The function evaluates the number 17 by checking divisibility from 2 to 16. Since 17 has no divisors other than one and itself, the method returns true, prompting the output "17 is prime."

Time Complexity Analysis:

Java's brute-force prime number program operates in Java with O(n) time complexity, implying linear growth in divisibility checks proportional to the input size. This characteristic restricts its efficiency in large-scale scenarios but suits smaller inputs and educational purposes.

• The brute-force prime number program in Java operates with O(n) time complexity, where n is the number being tested.
• This linear time means the number of divisibility checks grows proportionally with the input size.
• While inefficient for large inputs, this method remains practical for small ranges and learning purposes.

When to Use the Brute-Force Method?

You should apply this method when learning foundational programming concepts or running correctness tests on small numbers with minimal performance demands. Additionally, understanding this approach is beneficial before exploring optimized JavaScript, ReactJS, or Node.js algorithms.

• Use this method when introducing fundamental programming concepts like loops and conditionals.
• It is suitable for validating small numbers where performance isn’t critical.
• Understanding brute-force primes aids transitioning to optimized algorithms in JavaScript, ReactJS, and Node.js environments.

Example Scenario

Suppose you’re developing a simple web application using ReactJS and want to validate user inputs as prime numbers before submission. Implementing this brute-force prime number program in Java can quickly help you prototype the backend logic. You can later translate this logic into JavaScript or Node.js for client-side or server-side validation.

Now’ let’s understand how you can print prime numbers in Java from 1 to 100 using the square root optimization method.

2. How to Print Prime Numbers from 1 to 100 Using the Square Root Optimization Prime Number Program in Java?

The square root optimization method enhances the prime number program in Java by limiting divisibility checks to values up to the square root of the candidate number.
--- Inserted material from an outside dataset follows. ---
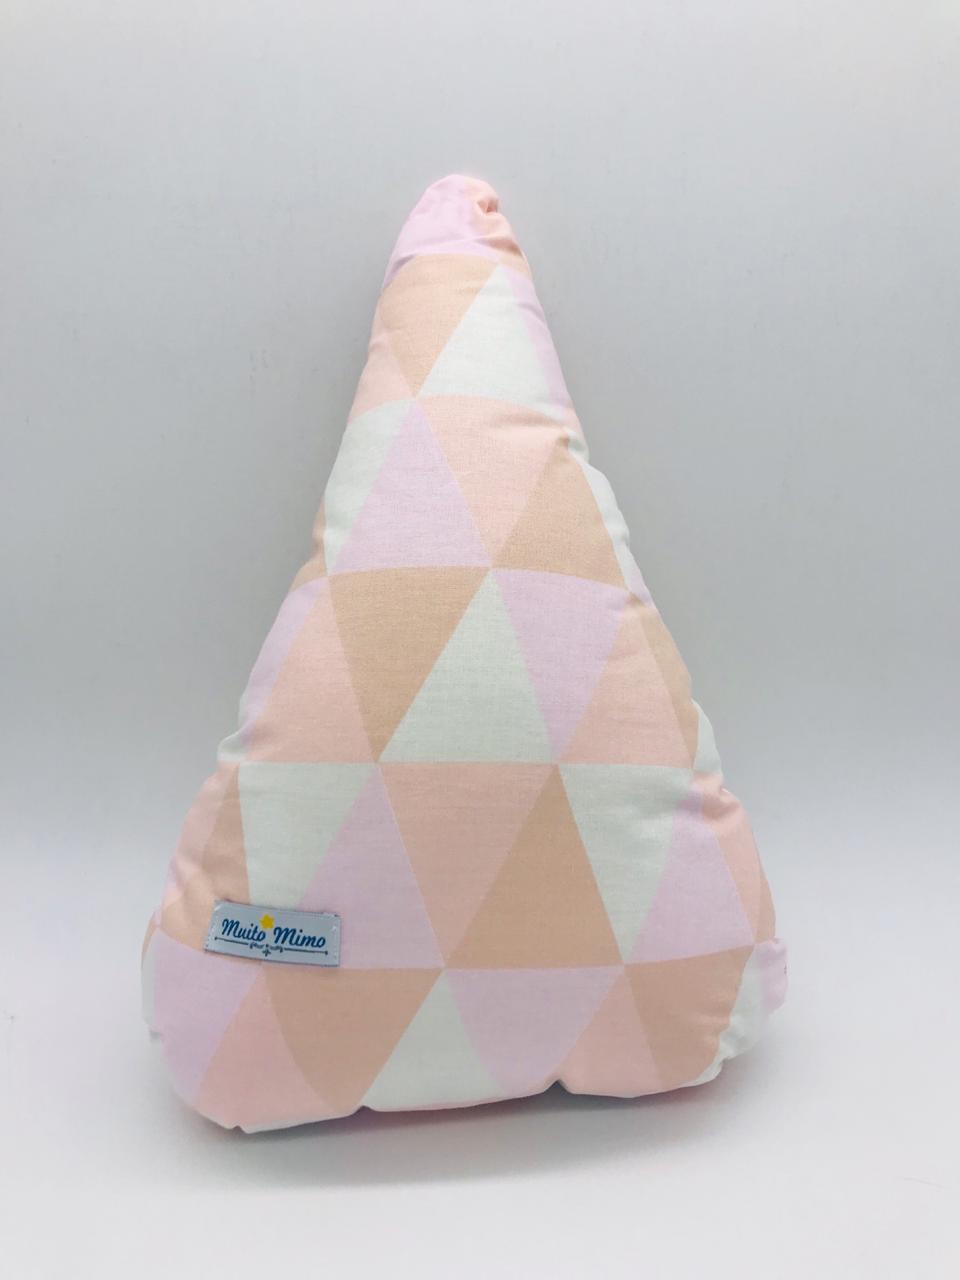 Almofada Gota Triangulo Rosa - m Mimo Minasrey Ref 5556
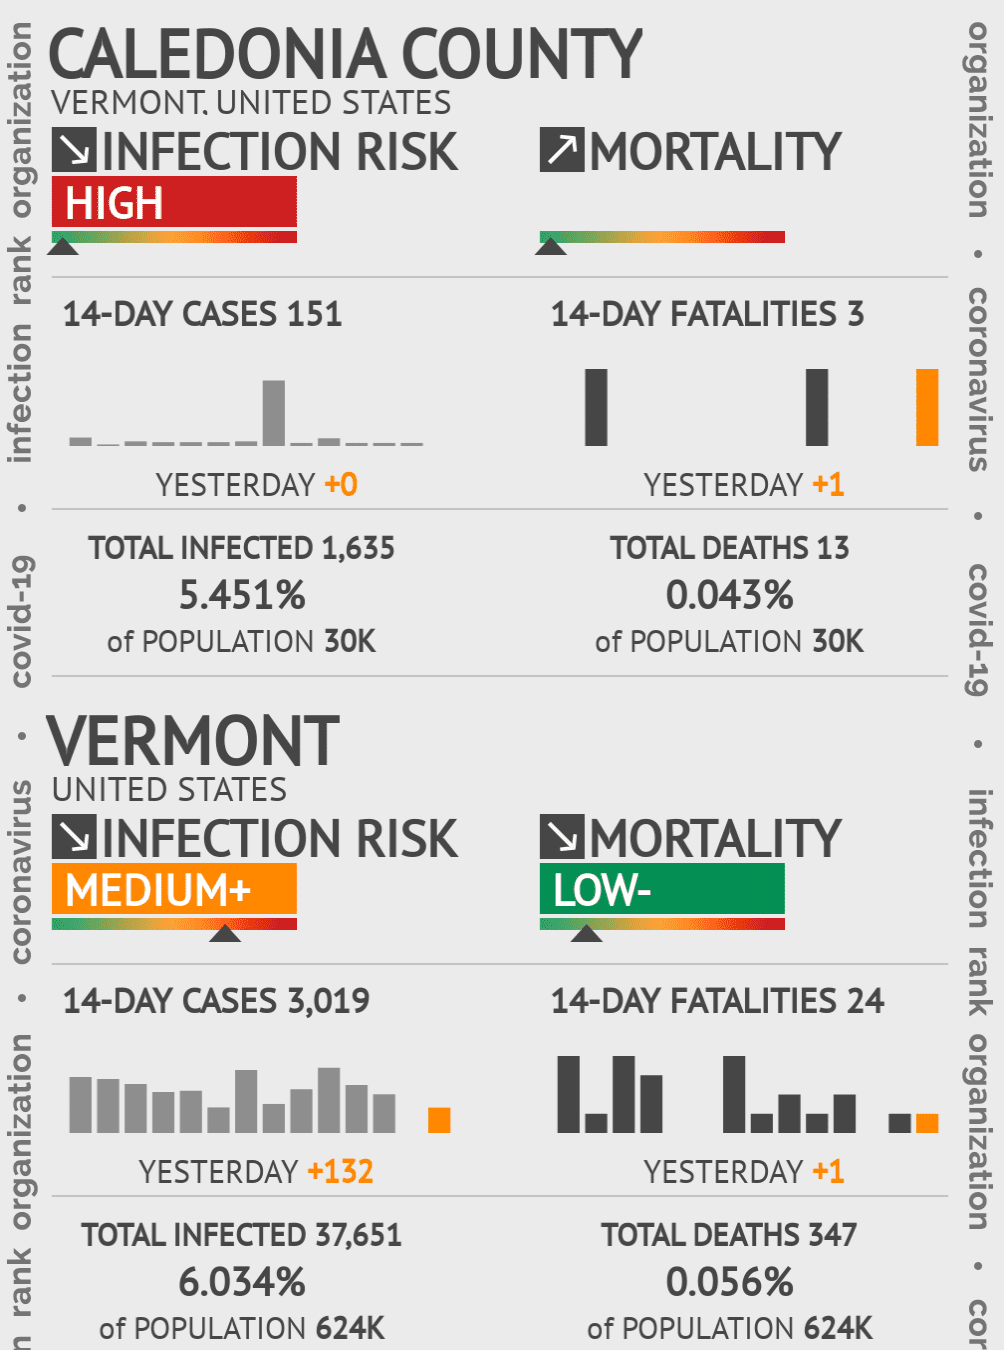 Caledonia County Coronavirus Covid-19 Risk of Infection on July 24, 2021

This reduces the number of iterations significantly, improving efficiency without sacrificing accuracy.

• Reduced divisor checks: Tests divisibility only up to √n, minimizing iterations and improving computational efficiency.
• Mathematical rationale: Divisors larger than √n have complementary smaller factors already checked, eliminating redundant checks.
  Boolean flag usage: isPrime tracks primality within optimized bounds, controlling early exit on divisor detection.
• Optimized loop termination: The inner loop breaks immediately when a divisor is found, saving processing time.
• Cross-technology relevance: The efficiency concept translates to frontend optimizations in CSS and HTML and backend request validations in HTTP.

Code Example:

public class PrimeNumber {
    public static void main(String[] args) {
        for (int num = 2; num <= 100; num++) {
            boolean isPrime = true;
            for (int i = 2; i <= Math.sqrt(num); i++) {
                if (num % i == 0) {
                    isPrime = false;
                    break;
                }
            }
            if (isPrime) {
                System.out.println(num);
            }
        }
    }
}

Output:

2
3
5
7
11
13
17
19
23
29
31
37
41
43
47
53
59
61
67
71
73
79
83
89
97

Output Explanation

The program prints all prime numbers between 2 and 100 by checking divisibility only up to the square root of each number. Non-primes such as 4, 6, and 9 are efficiently skipped due to early divisor detection within the optimized range.

Example Scenario

Let’s say you’re building a Node.js backend service that validates prime numbers submitted by users in an educational app. Using this square root optimized prime number program in Java as a reference, you can implement a performant, scalable algorithm in JavaScript to handle validation efficiently. This approach ensures responsive user experience even as the input size grows.

Time Complexity Analysis

The square root optimization lowers time complexity from O(n) to O(√n), significantly reducing the number of divisibility checks. This makes the prime number program in Java more efficient for larger inputs, balancing speed and simplicity. Early loop exits further decrease runtime by avoiding redundant calculations once a divisor is found.

When to use?

This method suits scenarios involving moderate to large numbers where brute-force becomes impractical.

• Apply this method for prime checks involving moderate to large numbers where brute-force becomes inefficient.
• It is highly recommended in interview scenarios and programming contests demanding optimized solutions.
• The method’s principles can be extended to performance improvements in web technologies like CSS selector efficiency and HTTP request filtering.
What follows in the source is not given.